What is the passphrase?

The passphrase (also known as the encryption passphrase) is a critical element of your Private.Ki account. It is not the same as your login password. Instead, this passphrase encrypts your private key and therefore locks your mailbox’s contents. Think of it as the key to a safe that holds all your decrypted emails.

Key points about the passphrase:

  • It is set up when you created your account (unless you chose to skip it). From that moment, all your email data is encrypted with a key derived from this passphrase.

  • Every time you log in (after entering your username and login password), the system will prompt you for the passphrase to unlock your mailbox. Only by providing the correct passphrase can your device decrypt your stored emails and private key. If the passphrase is wrong, you can't access your account.

  • Why this extra step? Because Private.Ki’s security model ensures that even if someone got into your account, they still couldn’t read your mail without this second secret. It’s an extra wall of defense. It also means Private.Ki’s servers never see your actual email content unencrypted – the passphrase never leaves your device, so we can’t decrypt your data on the server side.

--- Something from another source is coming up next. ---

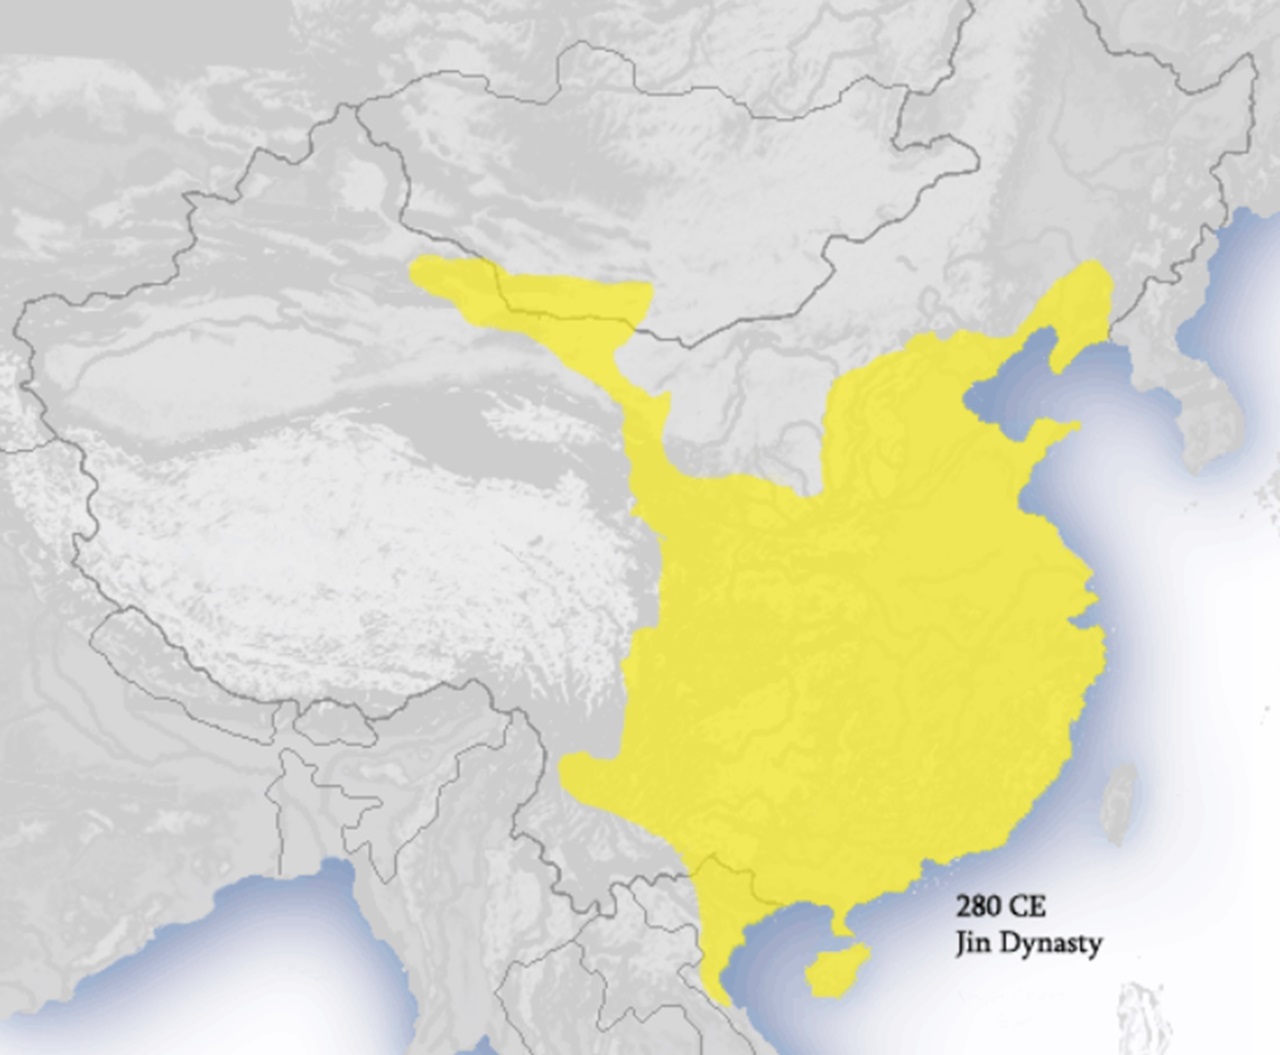 tomba imperiale estensione massima Dinastia Jin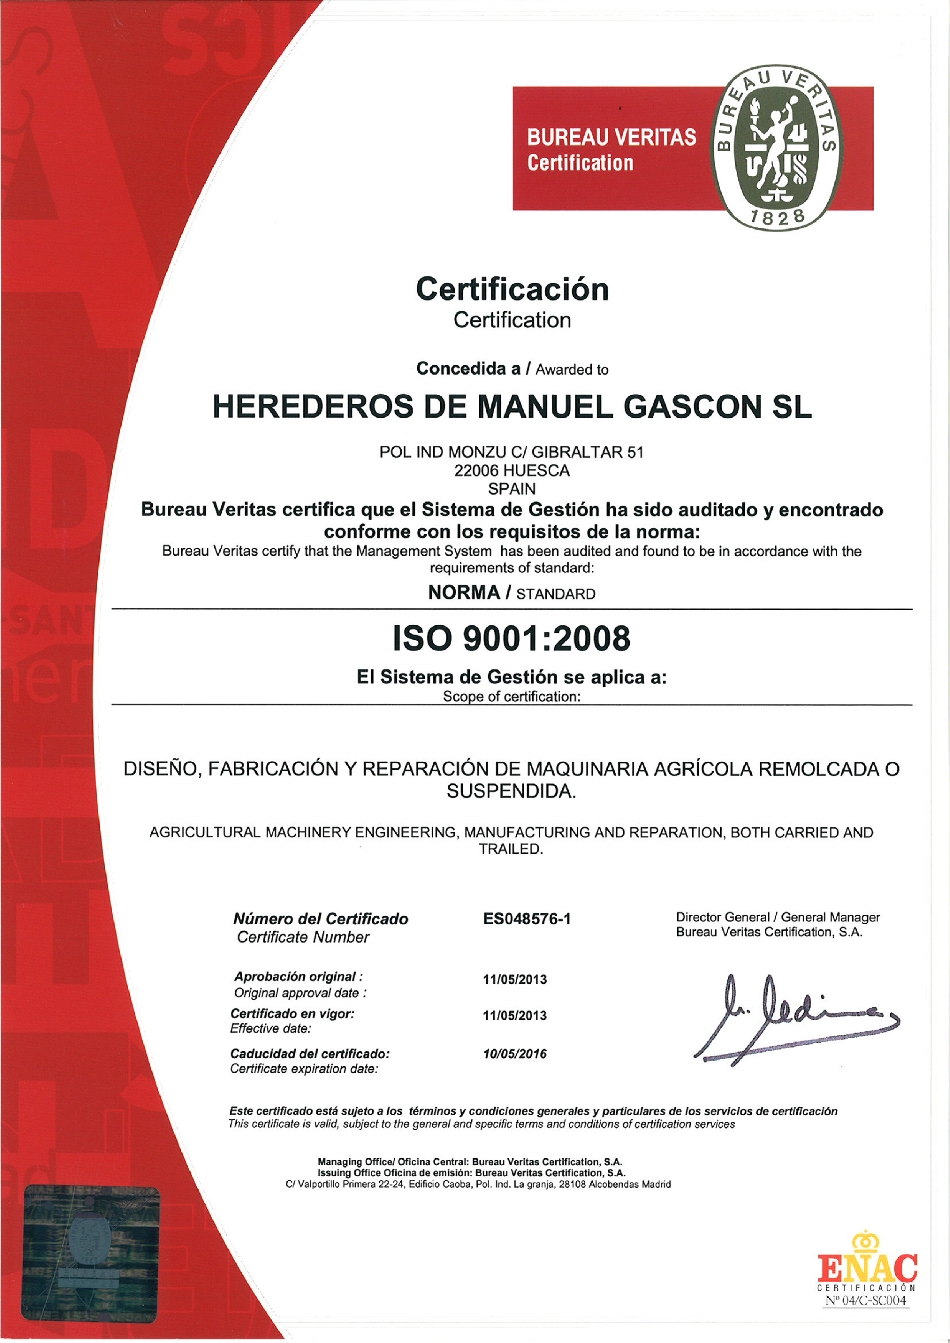 Gascón International Obtiene El Certificado De Calidad Iso 9001 En

  • You can change your passphrase at any time (see Changing Your Passphrase). To do so, you must know the current passphrase (so that you can decrypt your data and re-encrypt it with a new passphrase).

  • If you skipped setting a passphrase: In that case, the system set up an "internal passphrase" which is derived from your password to protect your data. You won’t be prompted for a passphrase on login because you chose not to have that separate lock. This is more convenient but somewhat less secure (one fewer secret for an attacker to overcome). If you want to add a passphrase later, you can do so in settings (it will then encrypt your keys with the new passphrase).

  • It’s zero-knowledge: Private.Ki does not store your passphrase on the server. We can’t reset it for you if you forget it. It’s only used locally (on your device) to decrypt your keys. This is intentional; it ensures only you can unlock your data. But it also means don’t forget it! If you do, we have no technical way to recover your existing encrypted emails.

  • How to manage it safely: Make it strong (long and unique), don’t share it, and consider using a password manager to keep track of it if it’s too complex to memorize. You might have chosen a passphrase distinct from your login password – that’s good practice. If you use a phrase, ensure it’s not something easily guessable or associated with you. Treat it with the same level of secrecy as you would the key to your house, because it effectively is the key to your private communications vault.